# Meaty beard!



## jo-pop (May 27, 2011)

So, im starting Thomas on raw food. He's already developing a little staining on his chin. I need recommendation for a safe shampoo for cream coloured fur. Just to give a little wash from time to time to keep on top of it so it doesn't properly stain.
Any tips please?


----------



## carly87 (Feb 11, 2011)

I use Anju Beaute on mine and it's great, but expensive. F1R2 also do a very good shampoo. Glad you mentioned the staining though. I was considering raw for a treat, although have my reservations anyway, but now am not so sure I'll try it.


----------



## jo-pop (May 27, 2011)

I think if you fed chunks of raw chicken or turkey it would be fine (better than mince too), try putting on plate or mat rather than bowl perhaps. I'm going to try that.
This is mince in a bowl thats done it so his chin is right in it.


----------



## carly87 (Feb 11, 2011)

It was mince I was going to try. Mine think I'm offering them poison if I offer chunks, an djust don't touch the stuff.


----------



## jo-pop (May 27, 2011)

Can anyone else advise of a product to remove staining which I can get hold of a bit easier? I'm just worried if I don't get to work on his chin it will stain for good. It's a very light Mark at moment so just want to keep on top of it.

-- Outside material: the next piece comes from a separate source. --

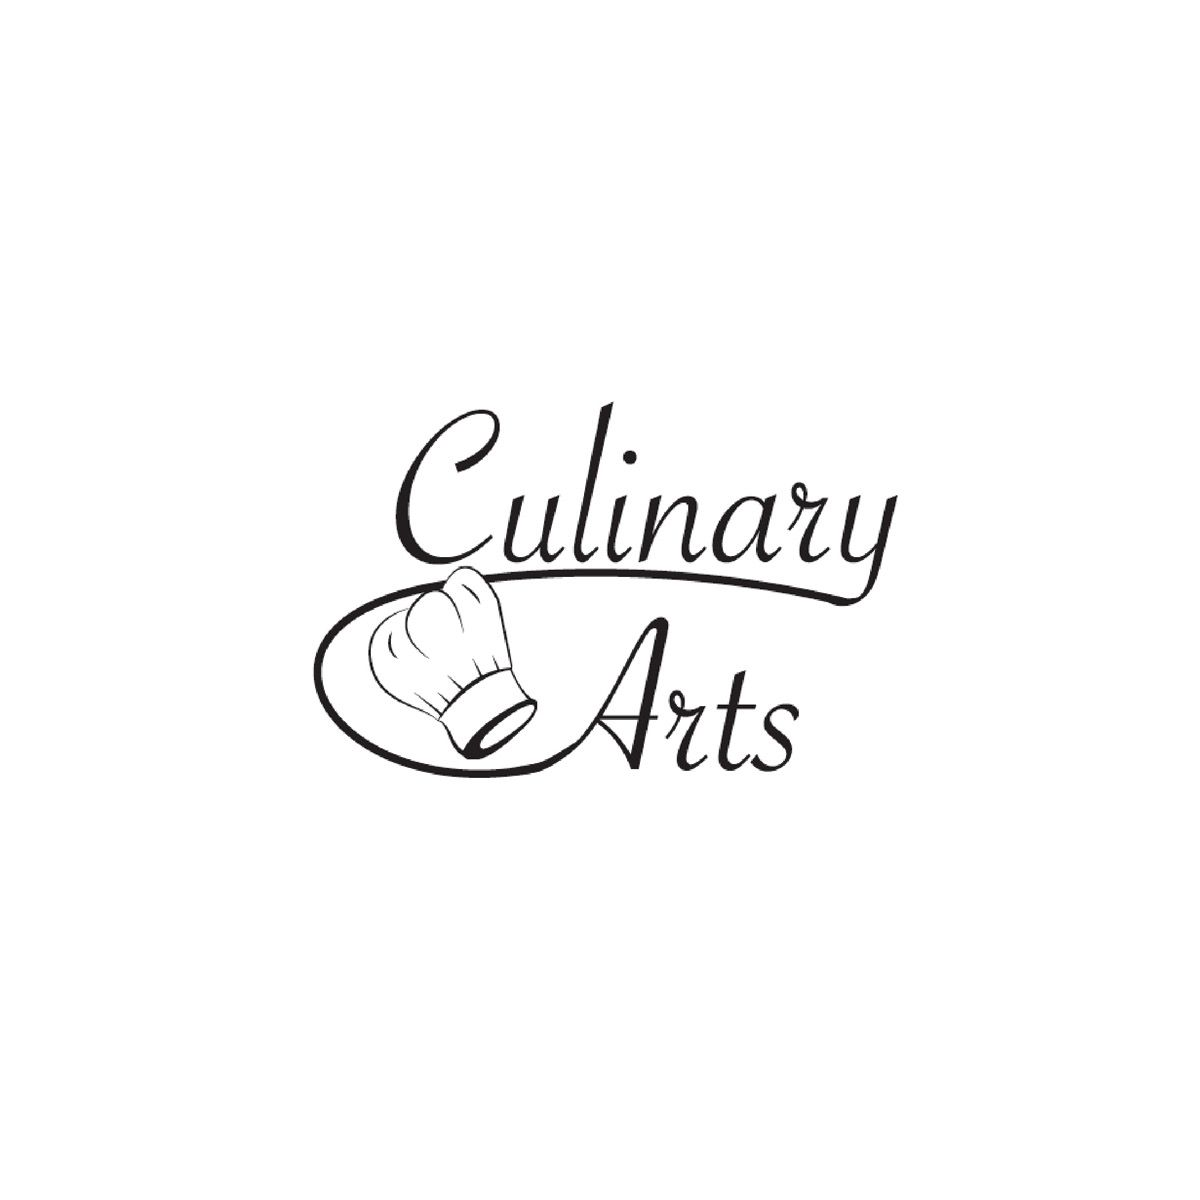 Culinary Arts Logos Art Logo Culinary Arts Logo Design

Any effective natural cleaners that could help?


----------



## jo-pop (May 27, 2011)

carly87 said:


> I use Anju Beaute on mine and it's great, but expensive. F1R2 also do a very good shampoo. Glad you mentioned the staining though. I was considering raw for a treat, although have my reservations anyway, but now am not so sure I'll try it.


The F1R2 Snowburst one?


----------



## jo-pop (May 27, 2011)

Would a bi carb solution work? I use that on everything!!
It's used in baking so can't be that bad can it...?


----------



## rcmadd (Feb 6, 2011)

there is a product called "diamond eyes" available from good pet stores.. mainly used to aid in the removal of tear stains on white/light coloured dogs

saves bathing all the time.. just dap/wipe with a cotton wool pad.


----------



## carly87 (Feb 11, 2011)

Yep, the Snowburst one. The Anju colour one is also fab.


----------



## jo-pop (May 27, 2011)

Update - the trusty bi carb paste seems to be helping. 
Of course I made sure he didn't get it in his mouth and rinse him very well.

Oh I love that stuff... Now, off to scrub my sink with what's leftover


----------